BEGIN MATERIAL SHOWN

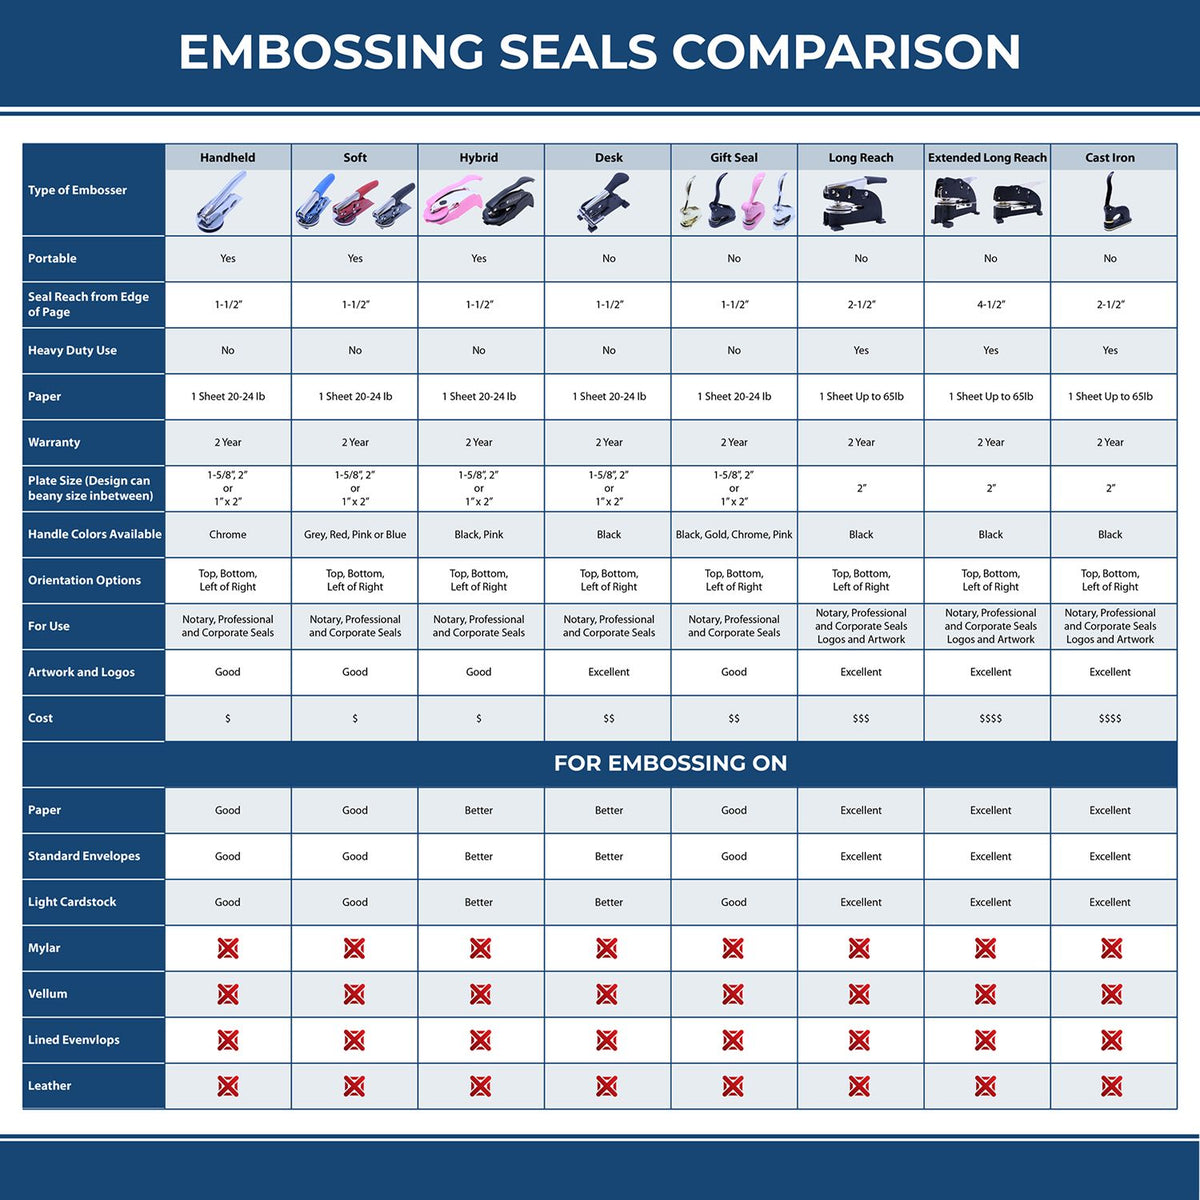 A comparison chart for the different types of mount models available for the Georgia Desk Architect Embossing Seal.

END MATERIAL SHOWN
BEGIN MATERIAL SHOWN

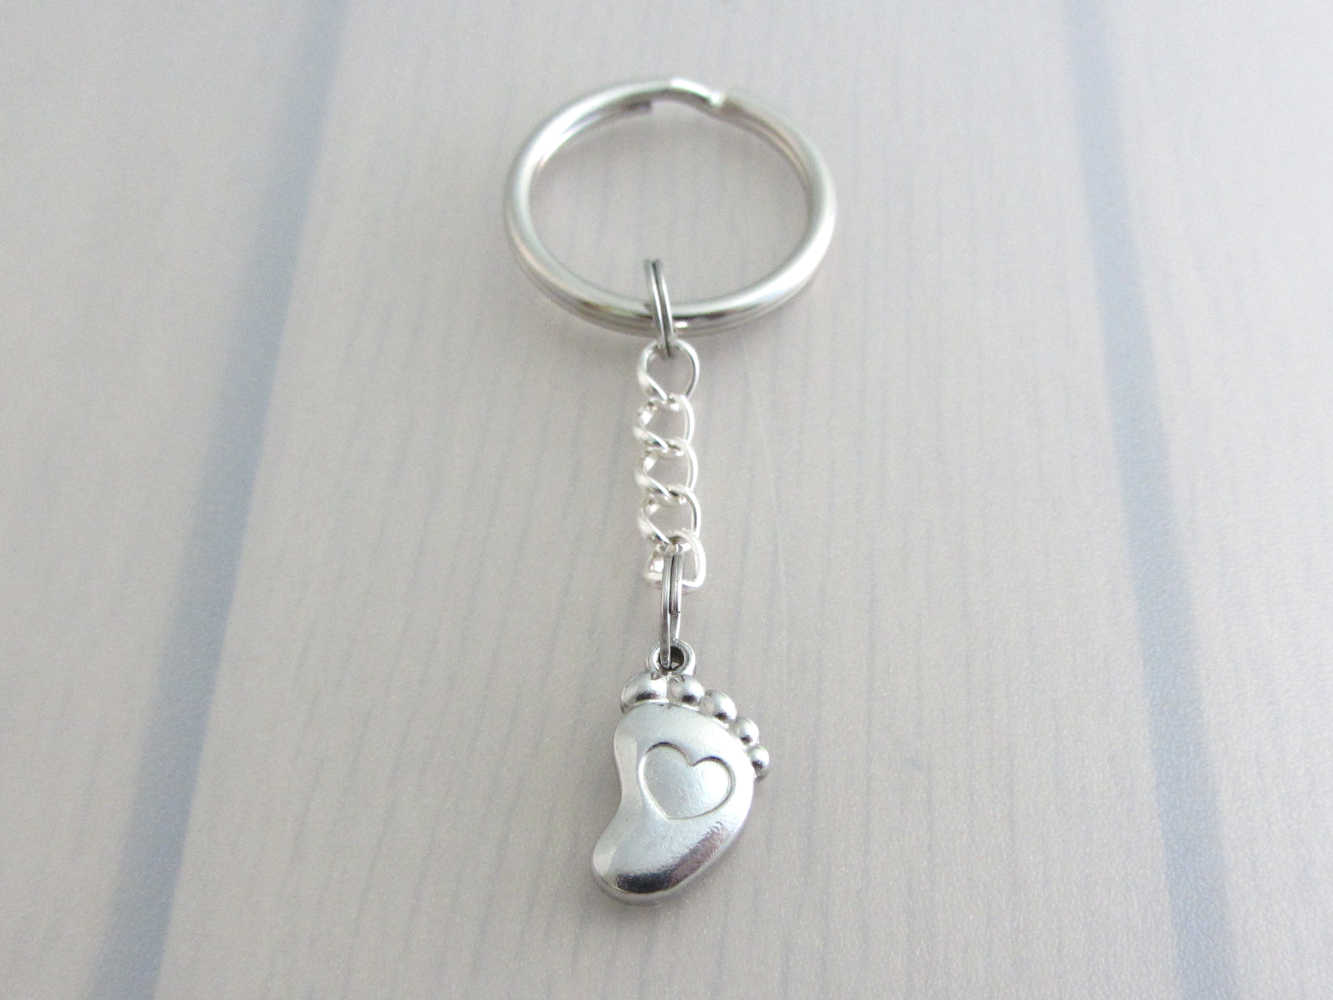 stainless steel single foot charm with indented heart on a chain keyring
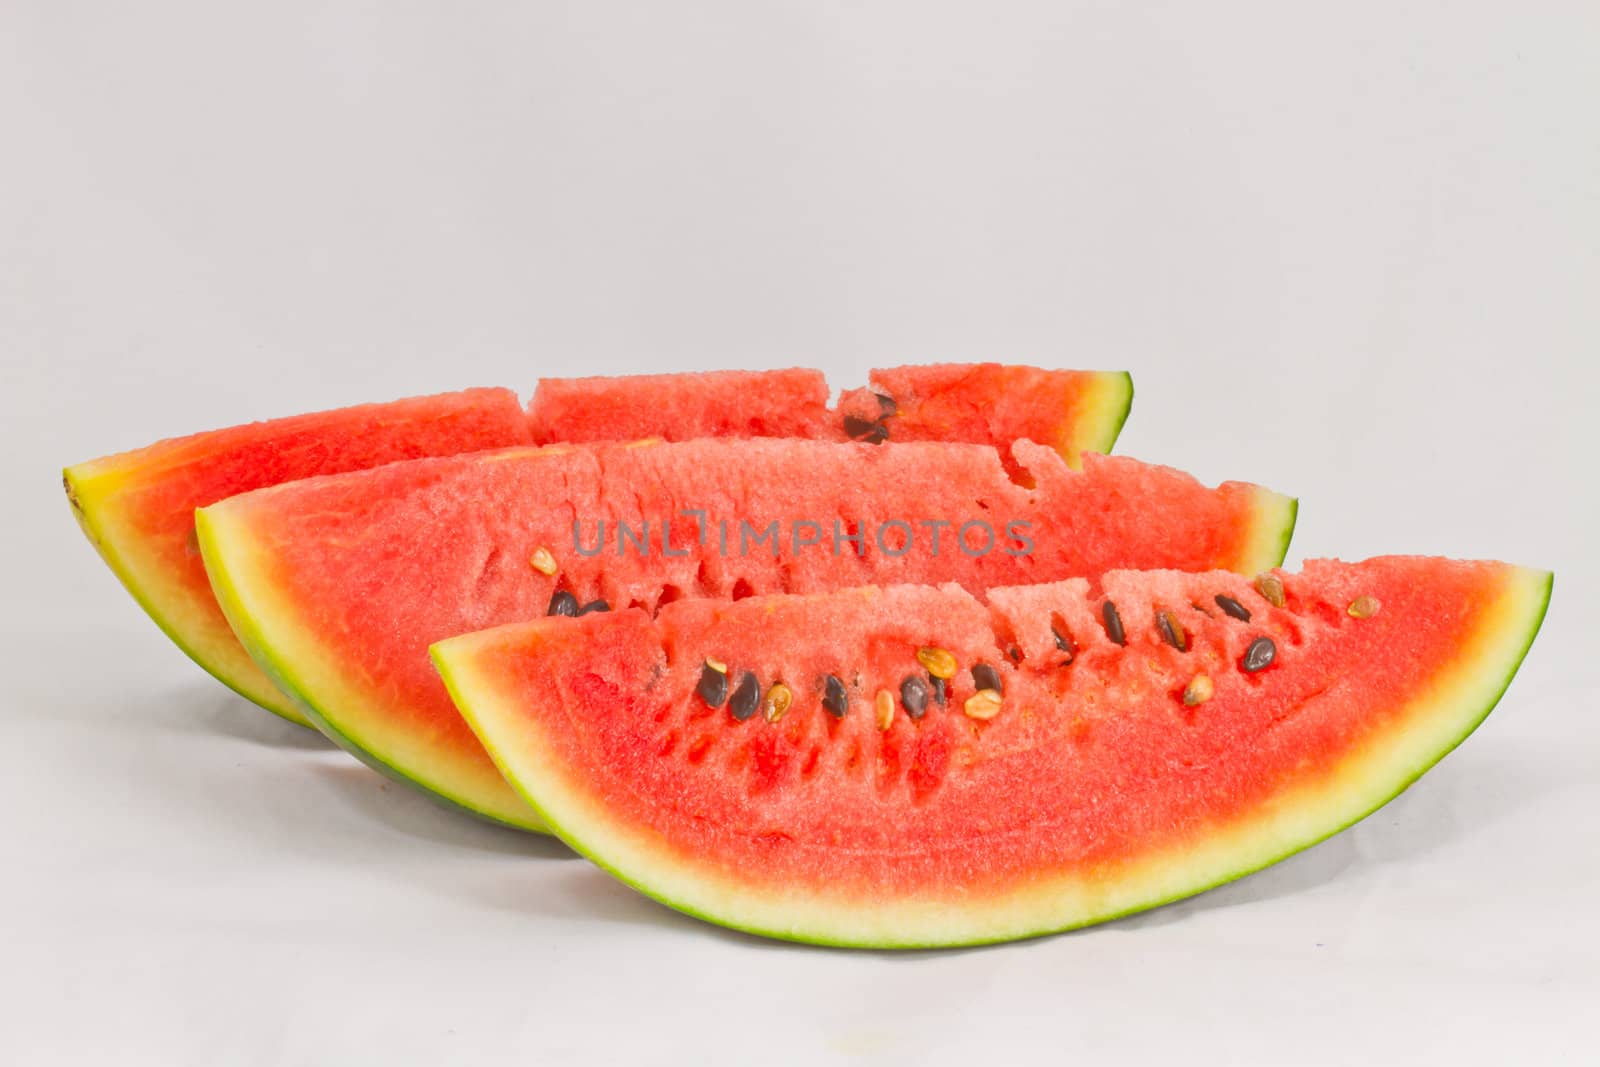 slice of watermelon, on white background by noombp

END MATERIAL SHOWN

Write out, word for word, the stretch of entries that begins at the line with "stainless steel single" and ends at the line with "slice of watermelon, on". Pictures do not belong in it.

OUTPUT OF THE EXERCISE -
 stainless steel single foot charm with indented heart on a chain keyring
 slice of watermelon, on white background by noombp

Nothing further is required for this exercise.